_WHAT IS BEING ASKED:_
From the first line down to the one containing "VPN анонимность. Законно", reproduce the entries below exactly and leave out the pictures.

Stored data
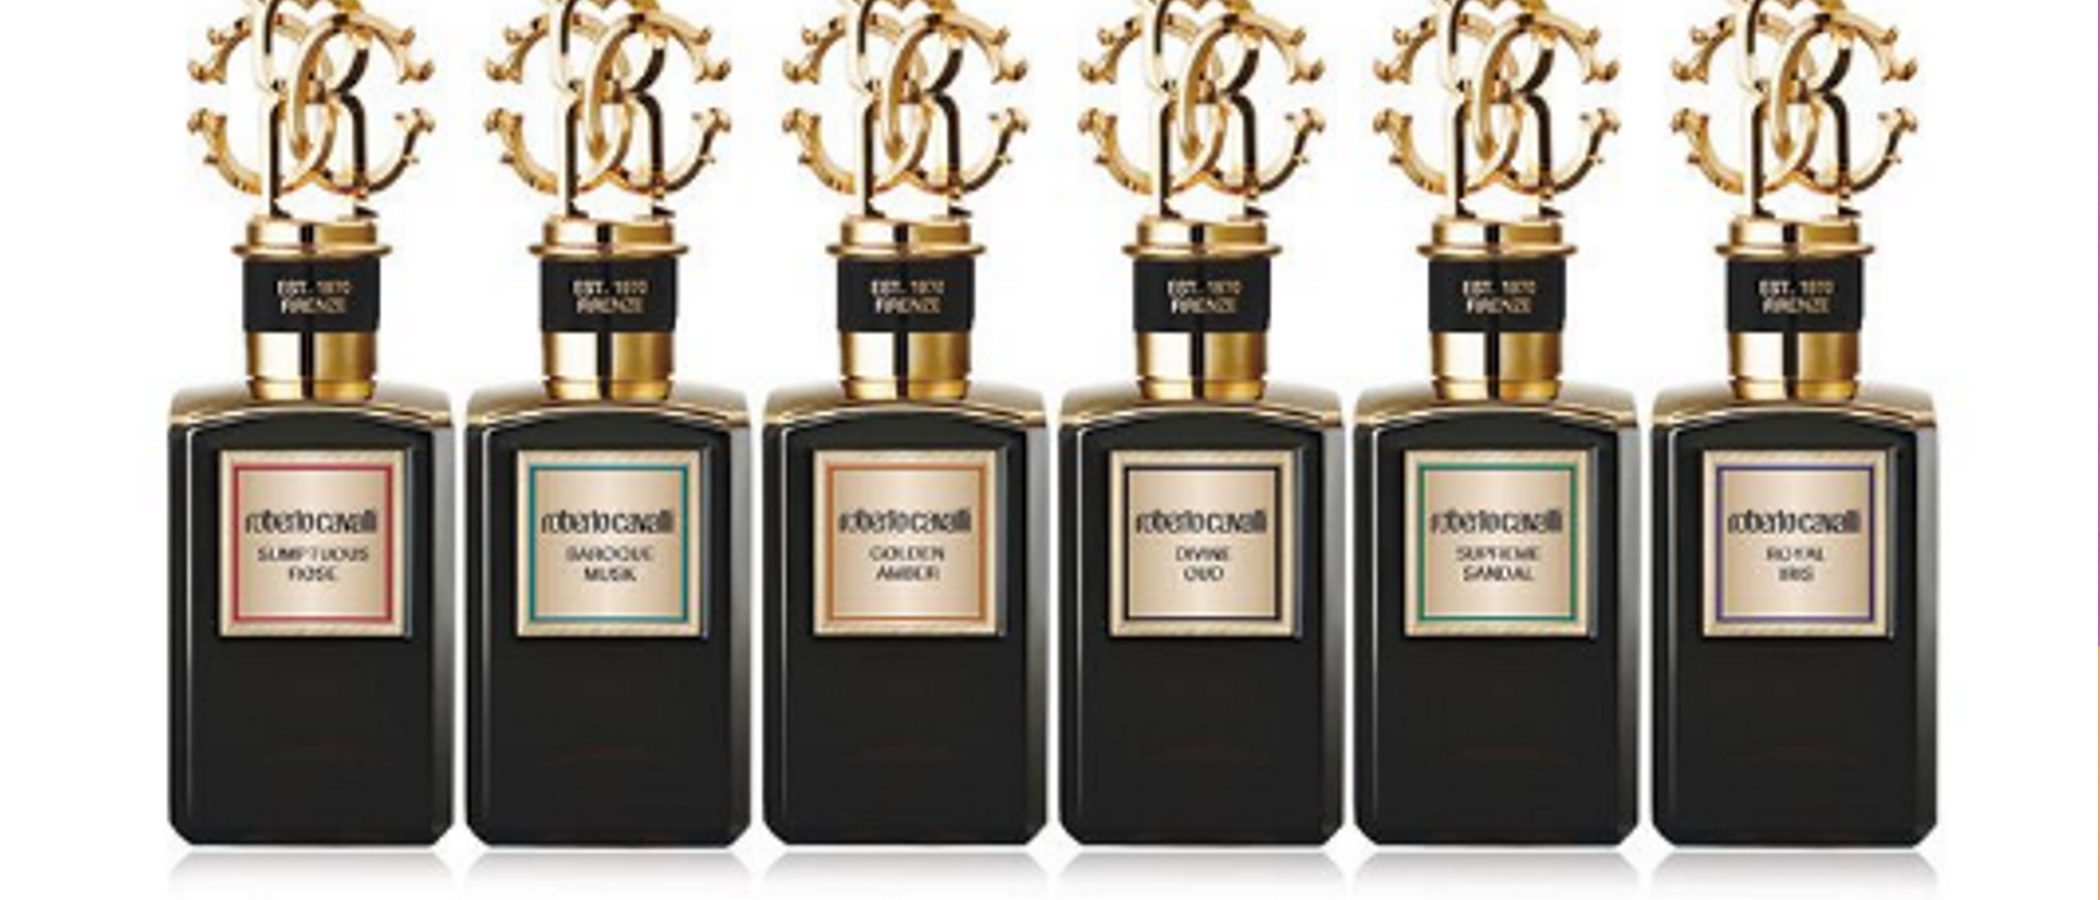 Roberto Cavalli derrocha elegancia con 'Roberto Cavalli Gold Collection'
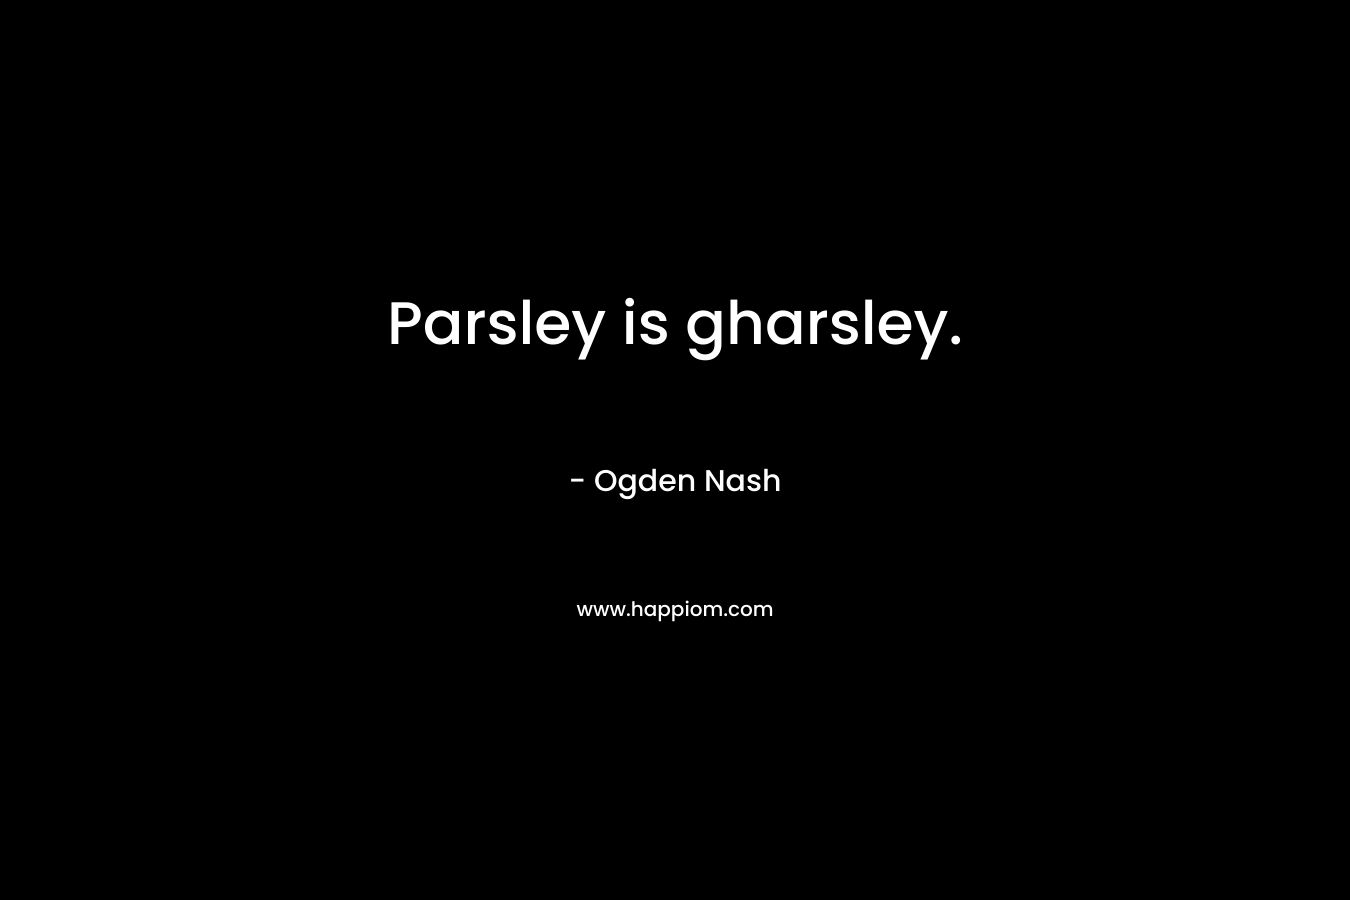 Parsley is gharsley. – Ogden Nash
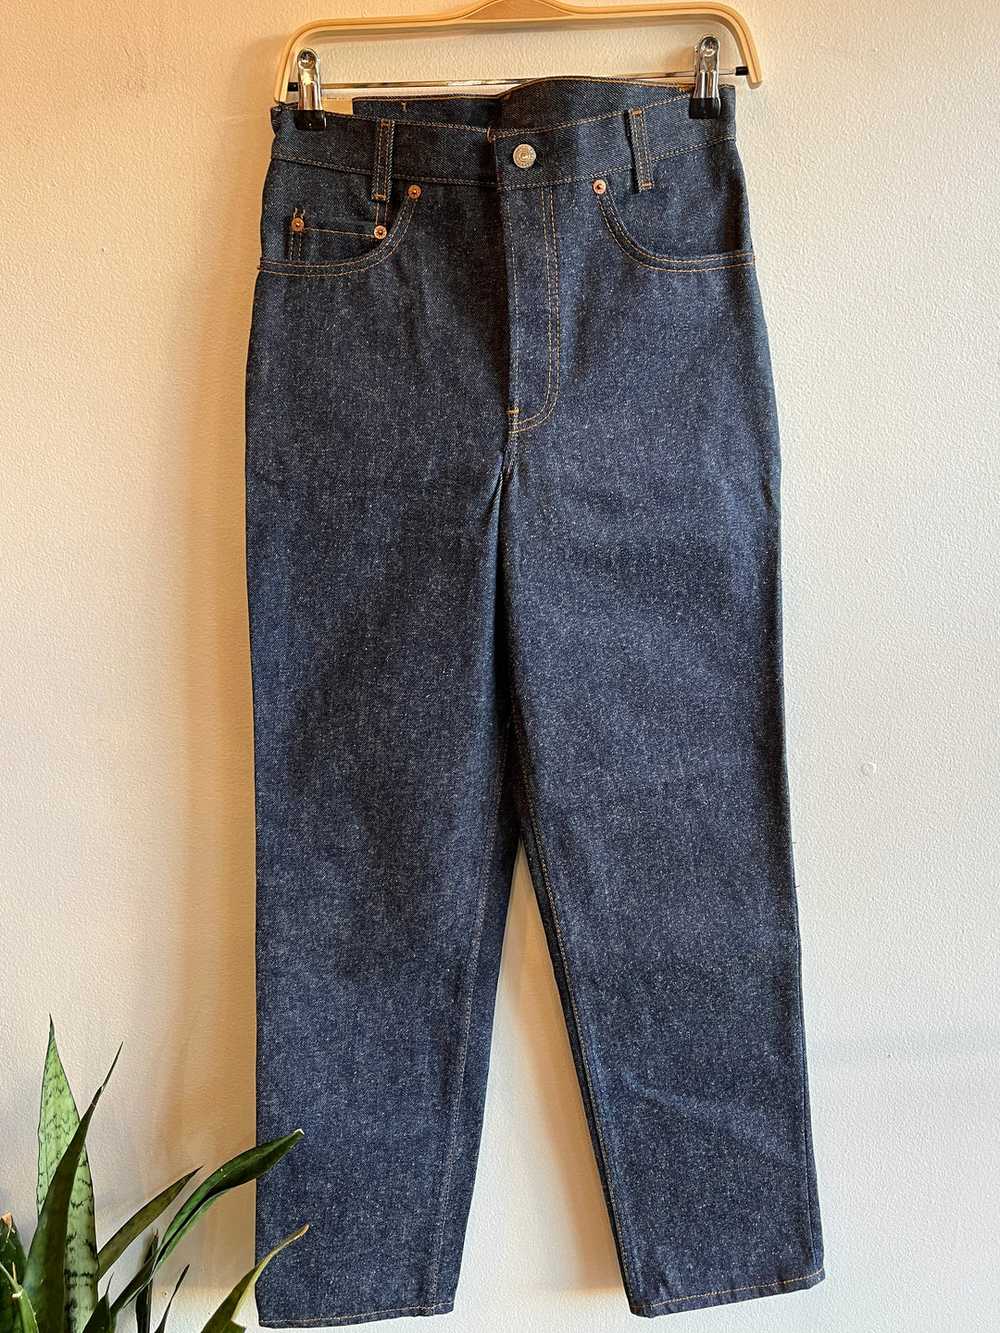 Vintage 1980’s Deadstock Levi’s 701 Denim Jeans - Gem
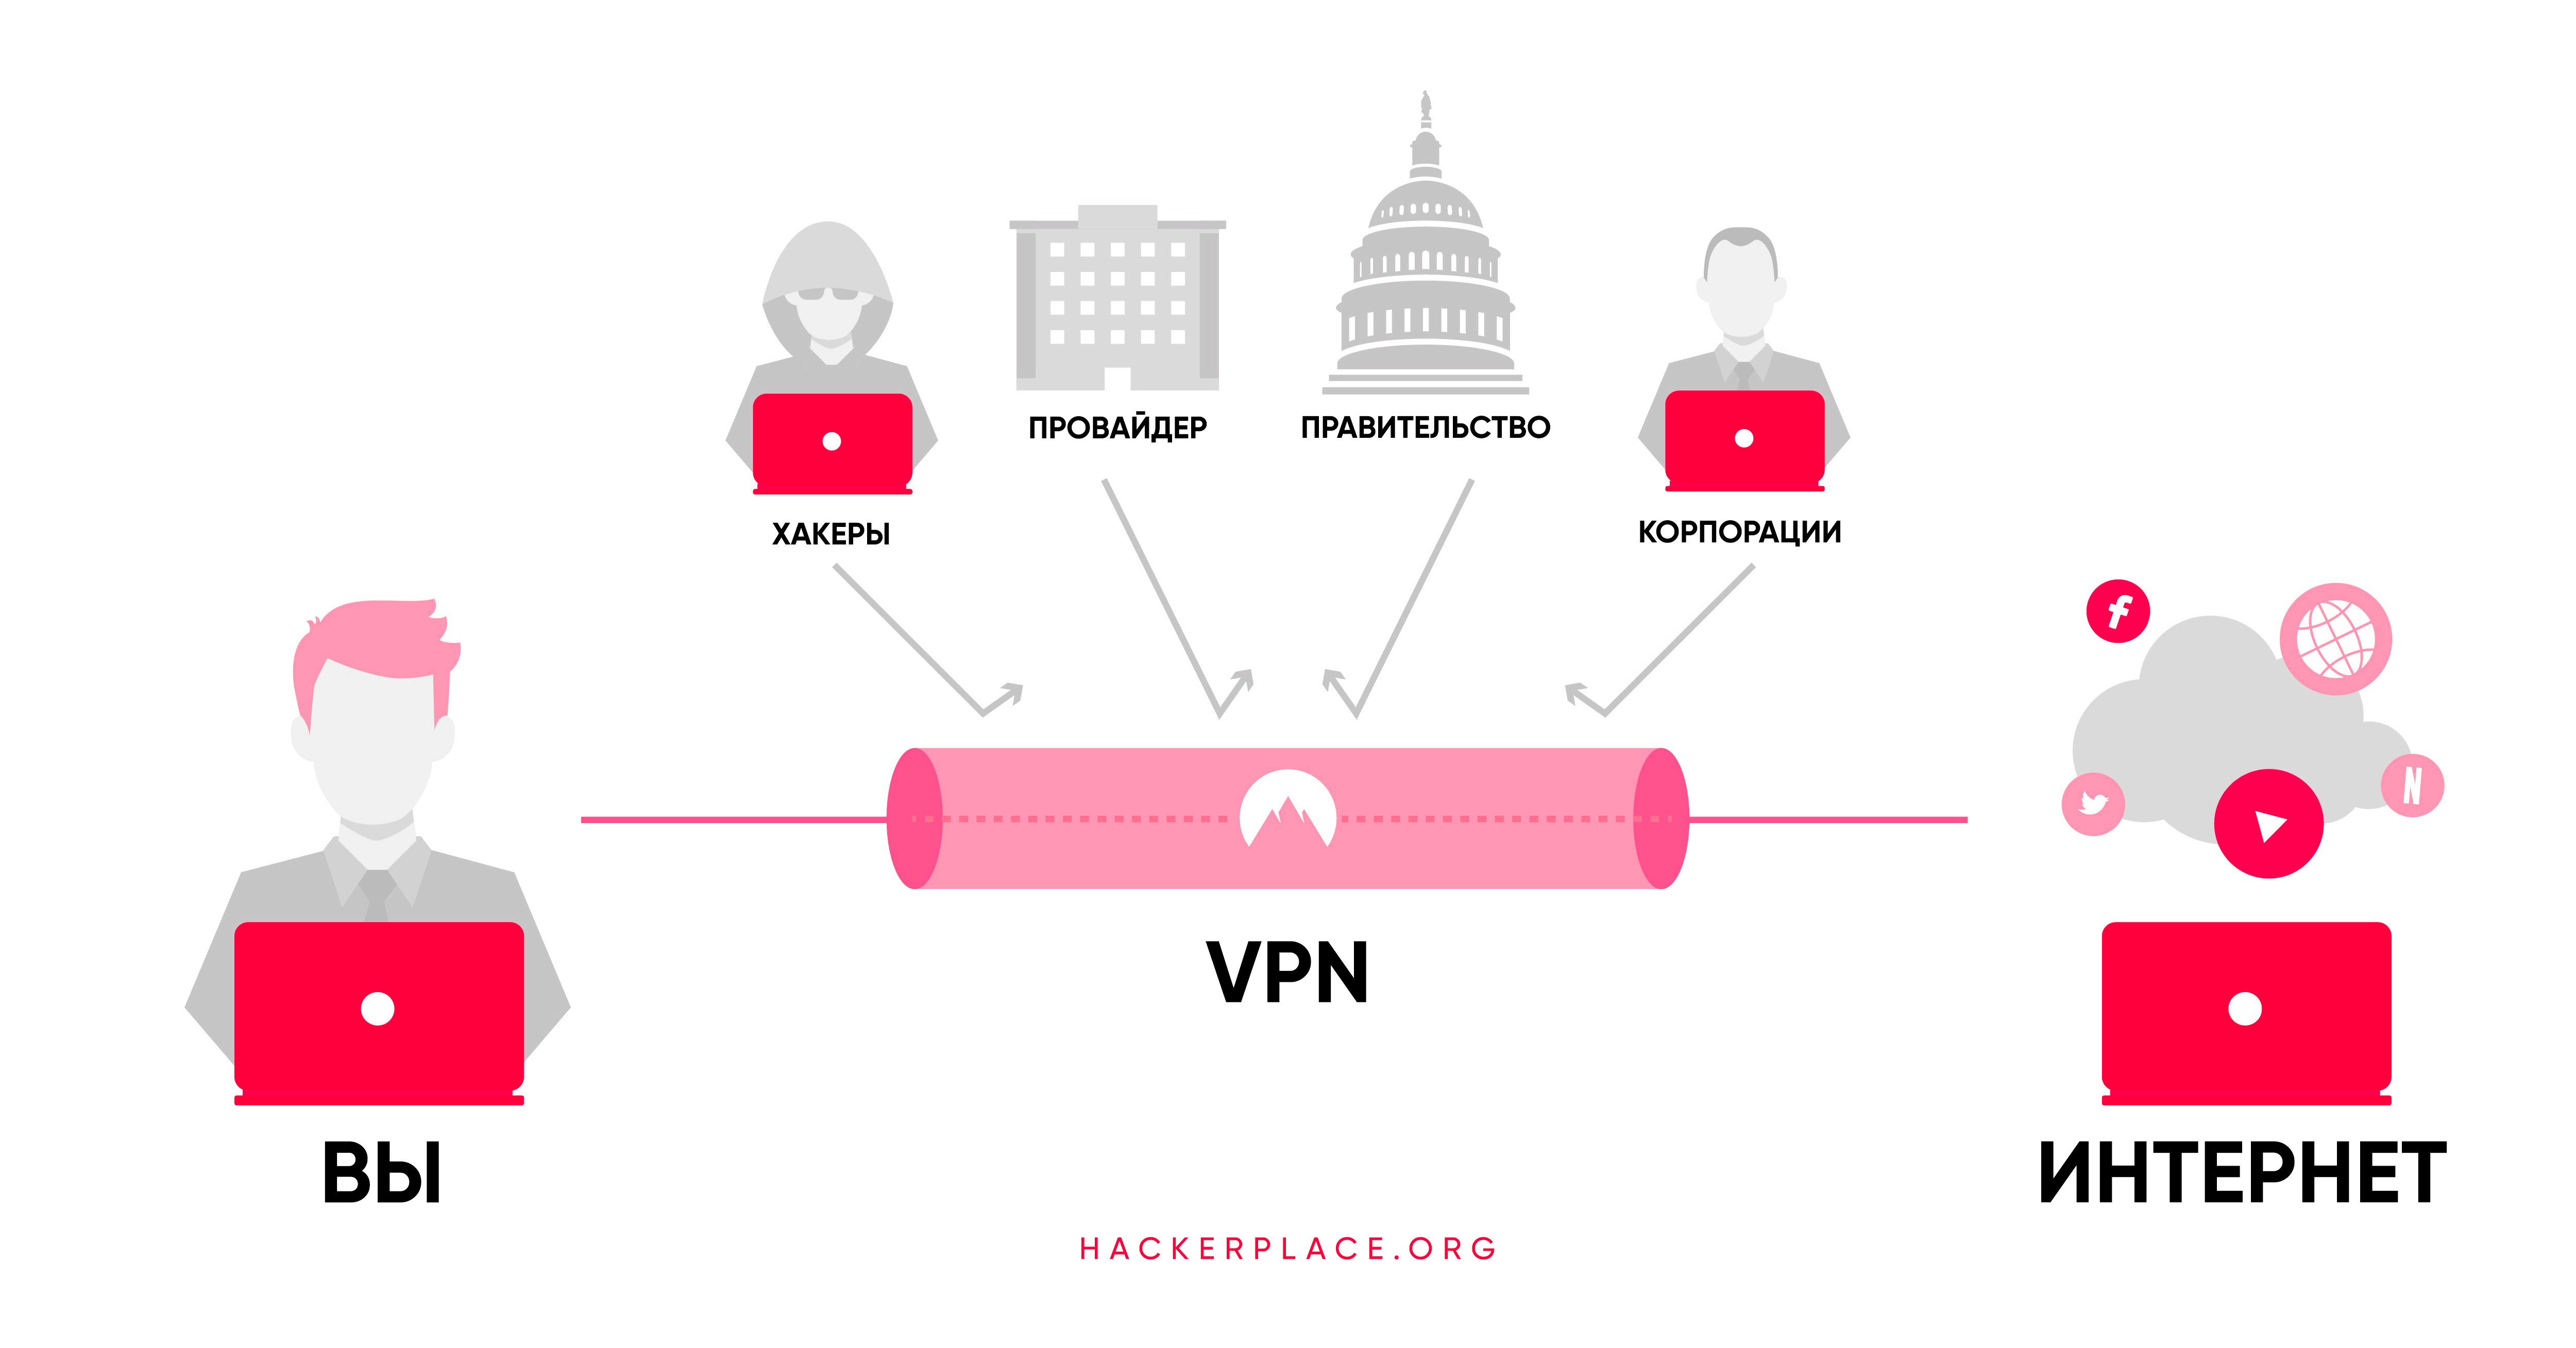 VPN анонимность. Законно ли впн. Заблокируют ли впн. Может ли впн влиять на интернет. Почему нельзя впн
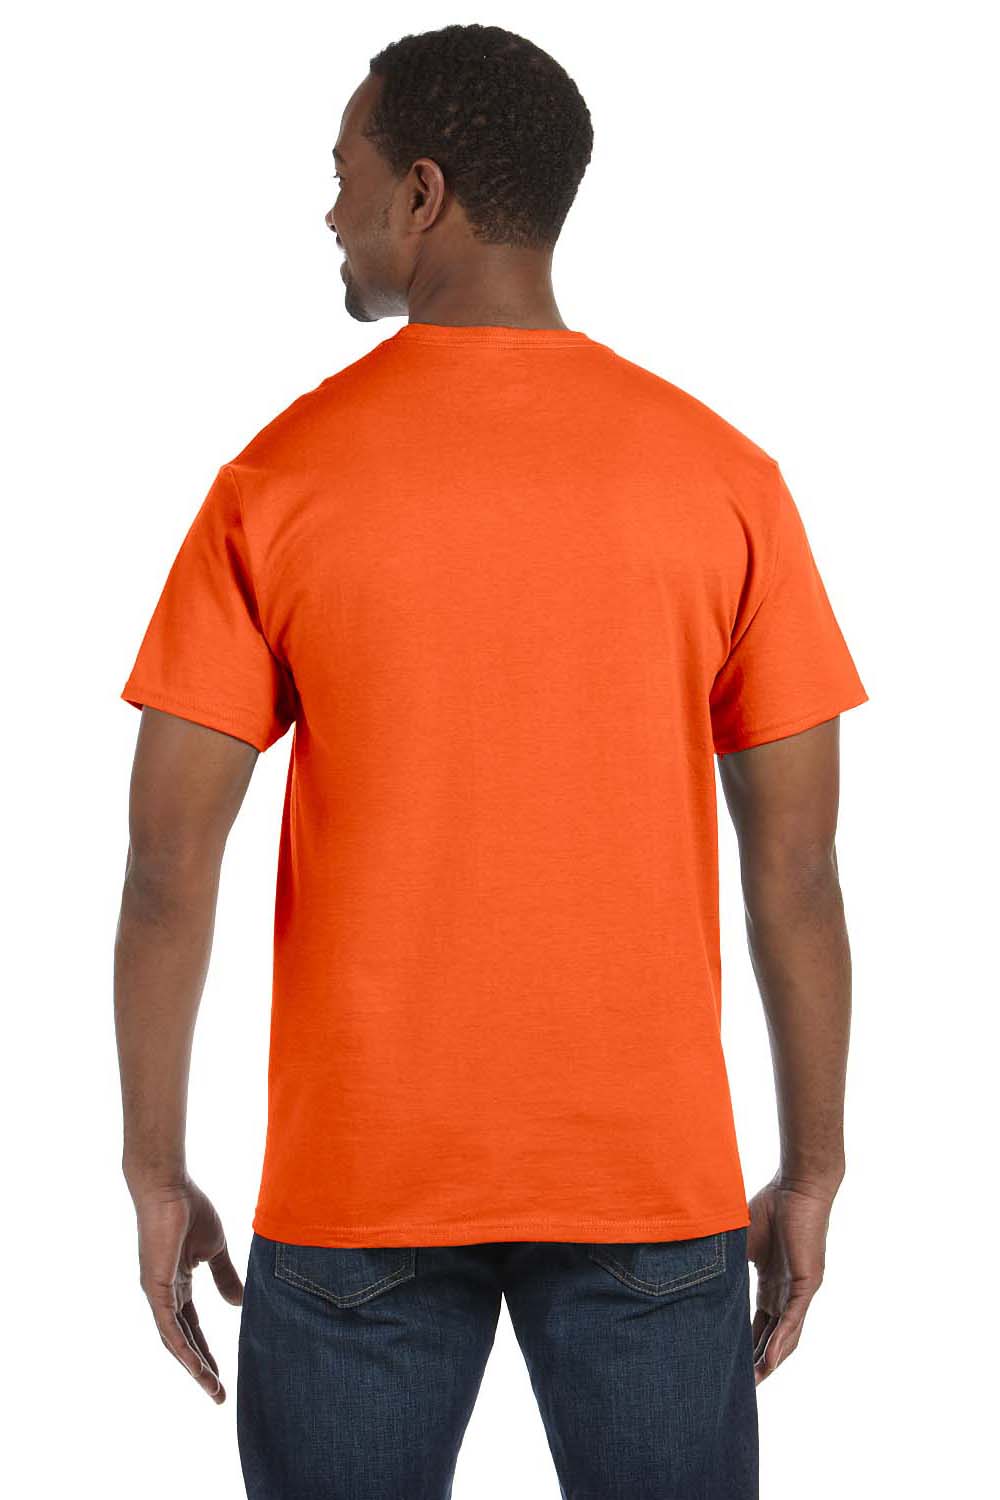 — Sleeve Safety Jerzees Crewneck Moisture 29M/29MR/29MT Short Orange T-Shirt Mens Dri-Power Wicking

_OUTPUT OF THE TASK:_
 Roberto Cavalli derrocha elegancia con 'Roberto Cavalli Gold Collection'
 Parsley is gharsley. – Ogden Nash
 Vintage 1980’s Deadstock Levi’s 701 Denim Jeans - Gem
 VPN анонимность. Законно ли впн. Заблокируют ли впн. Может ли впн влиять на интернет. Почему нельзя впн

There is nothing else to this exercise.